RECORD EXTRACTS
*** Block opens ***
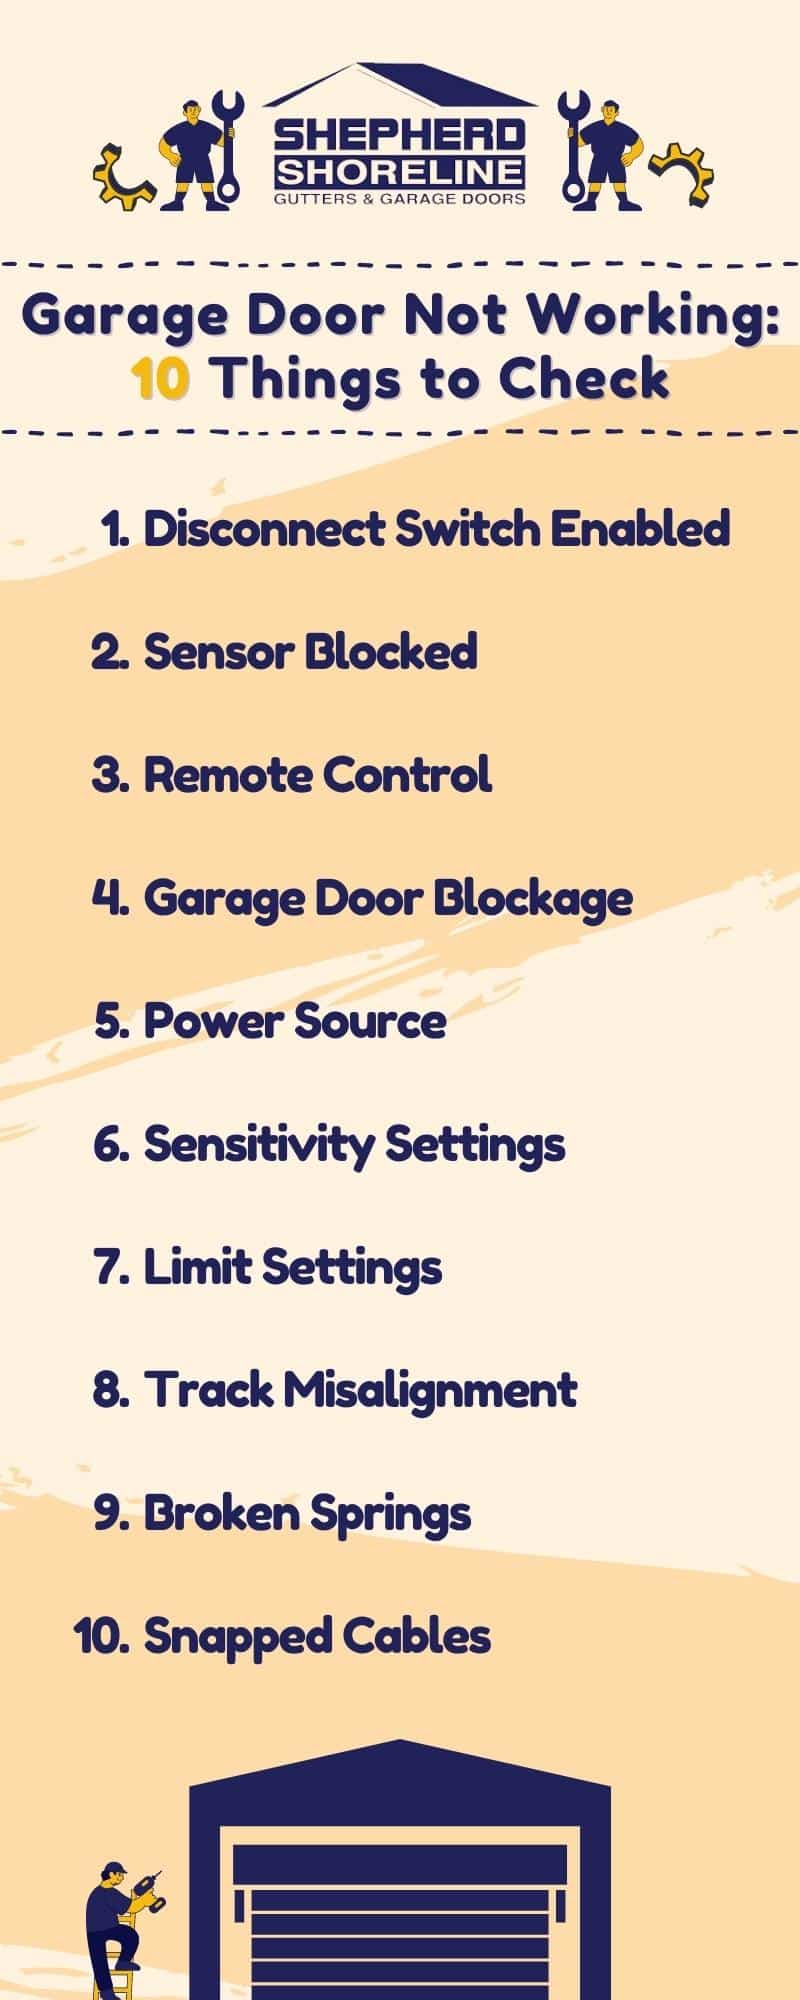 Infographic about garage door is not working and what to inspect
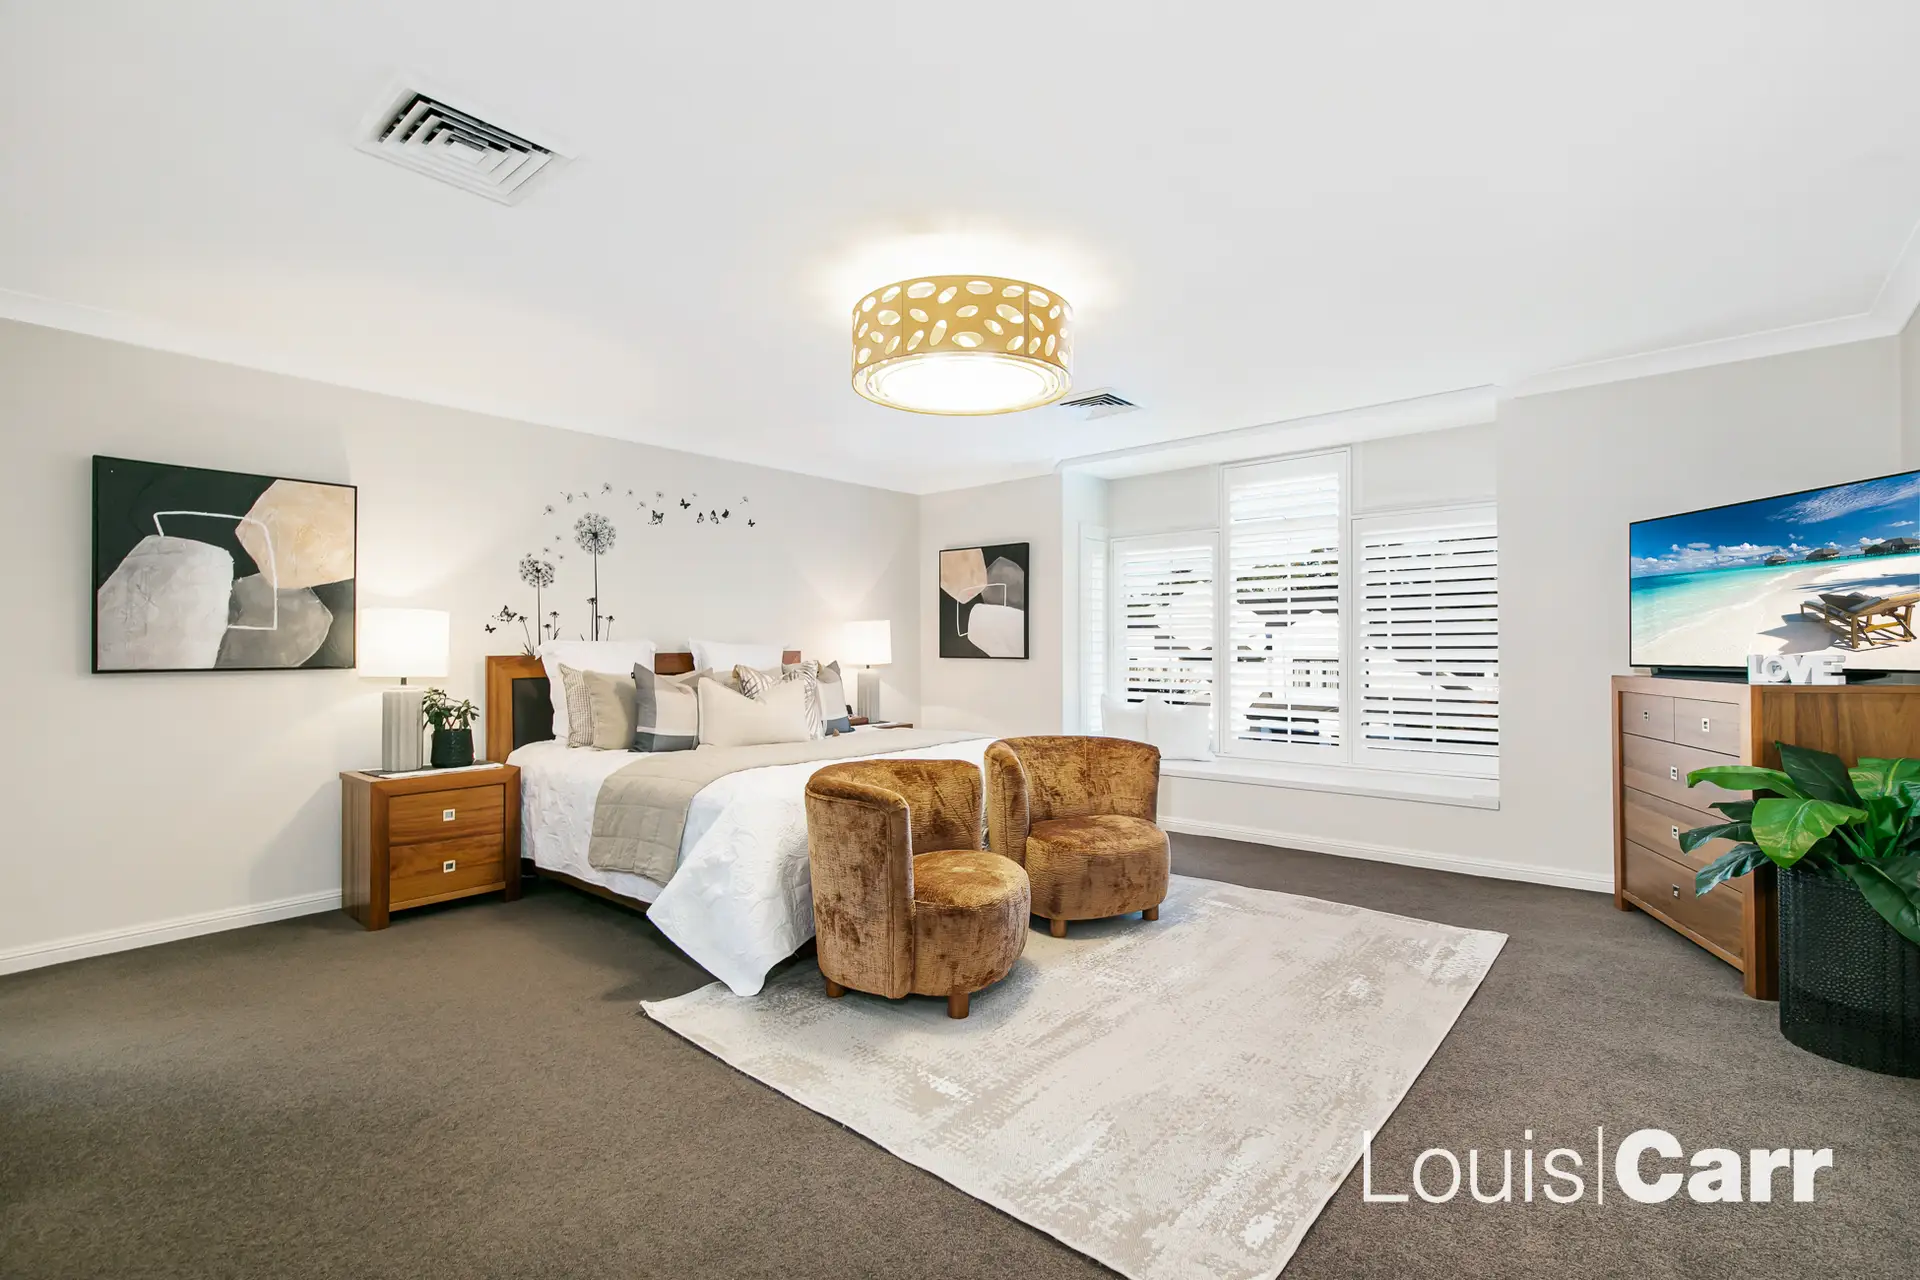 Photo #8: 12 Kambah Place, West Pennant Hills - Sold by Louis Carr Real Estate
*** Block closes ***
*** Block opens ***
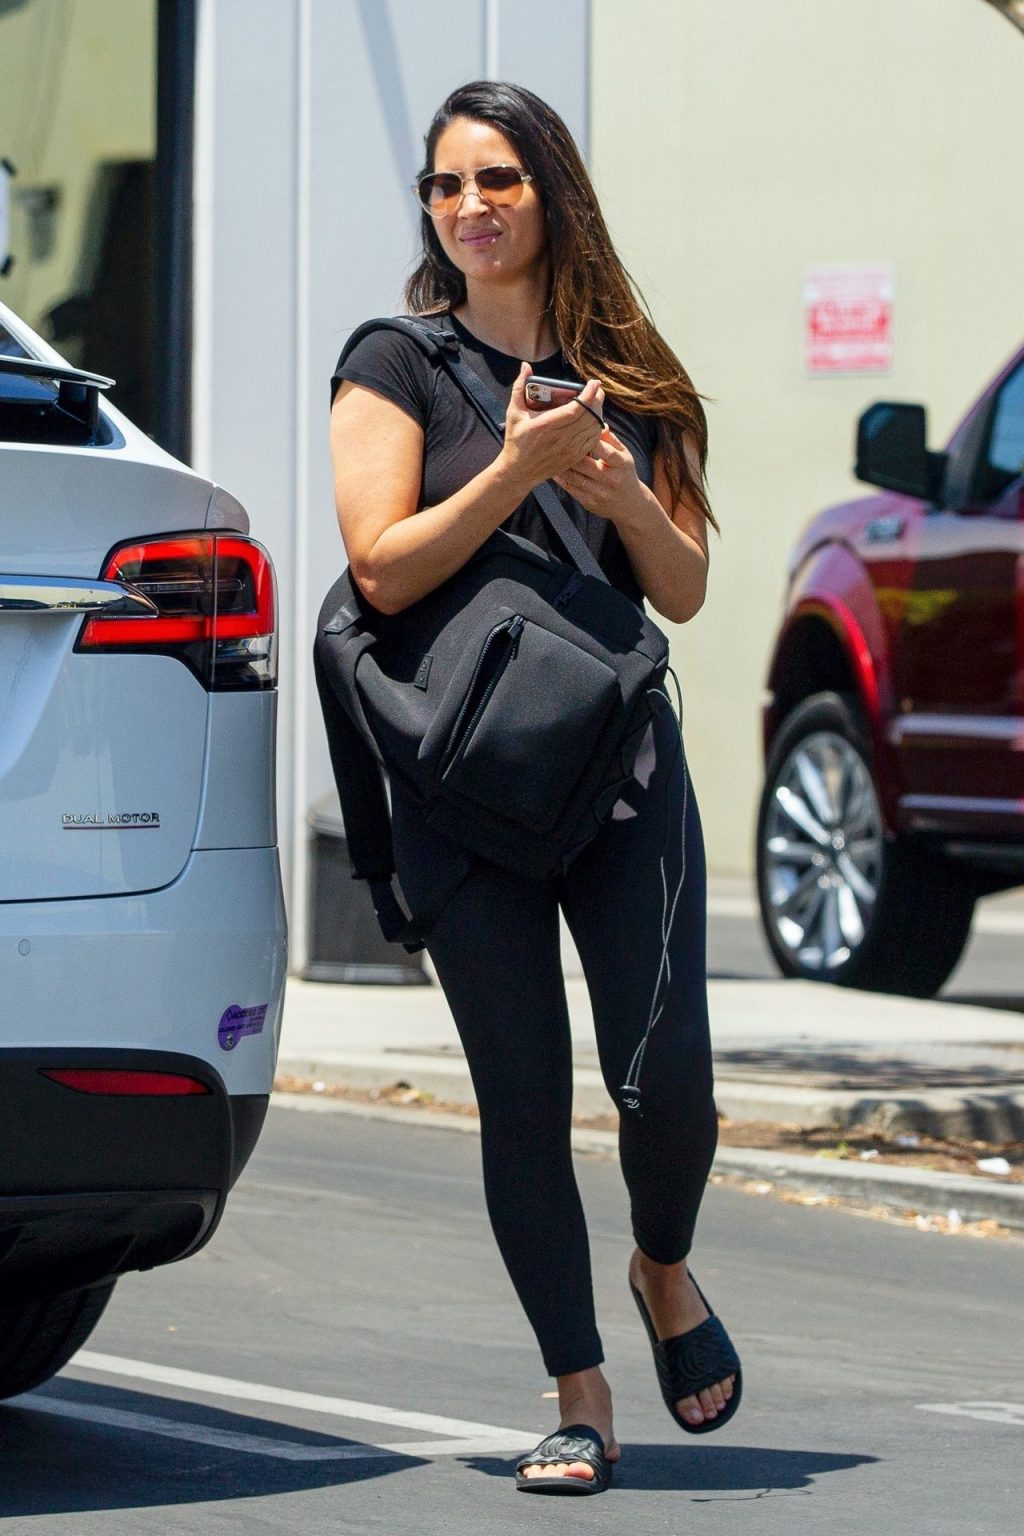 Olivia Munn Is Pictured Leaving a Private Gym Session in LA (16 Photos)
*** Block closes ***
*** Block opens ***
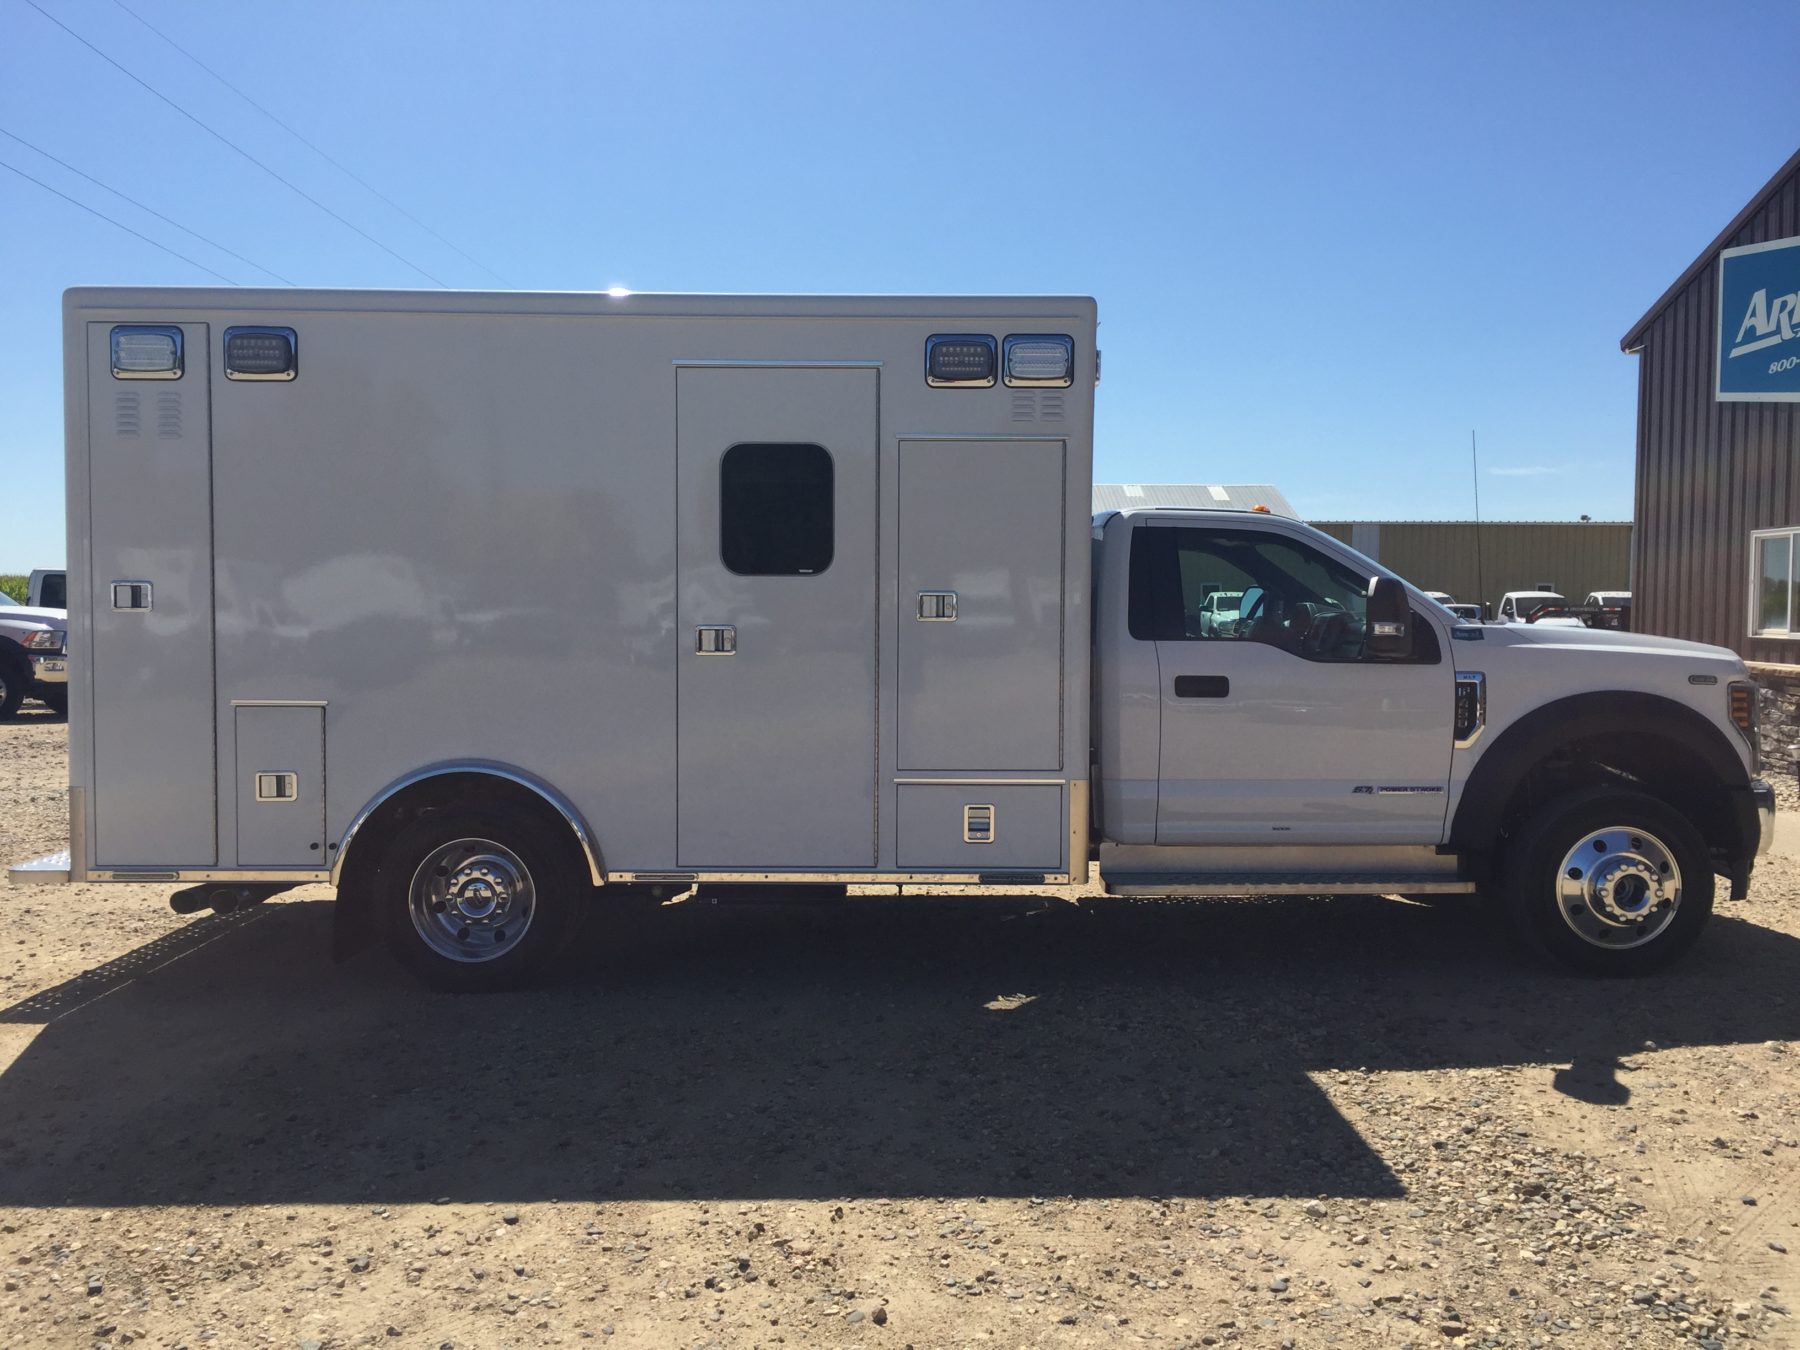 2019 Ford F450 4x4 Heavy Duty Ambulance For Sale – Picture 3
*** Block closes ***
AIM OF THE TASK
In the listing above, find the line with "Infographic about garage" and the line with "Photo #8: 12". Output both, plus every line between them, and no pictures.

RESULT
 Infographic about garage door is not working and what to inspect
 Photo #8: 12 Kambah Place, West Pennant Hills - Sold by Louis Carr Real Estate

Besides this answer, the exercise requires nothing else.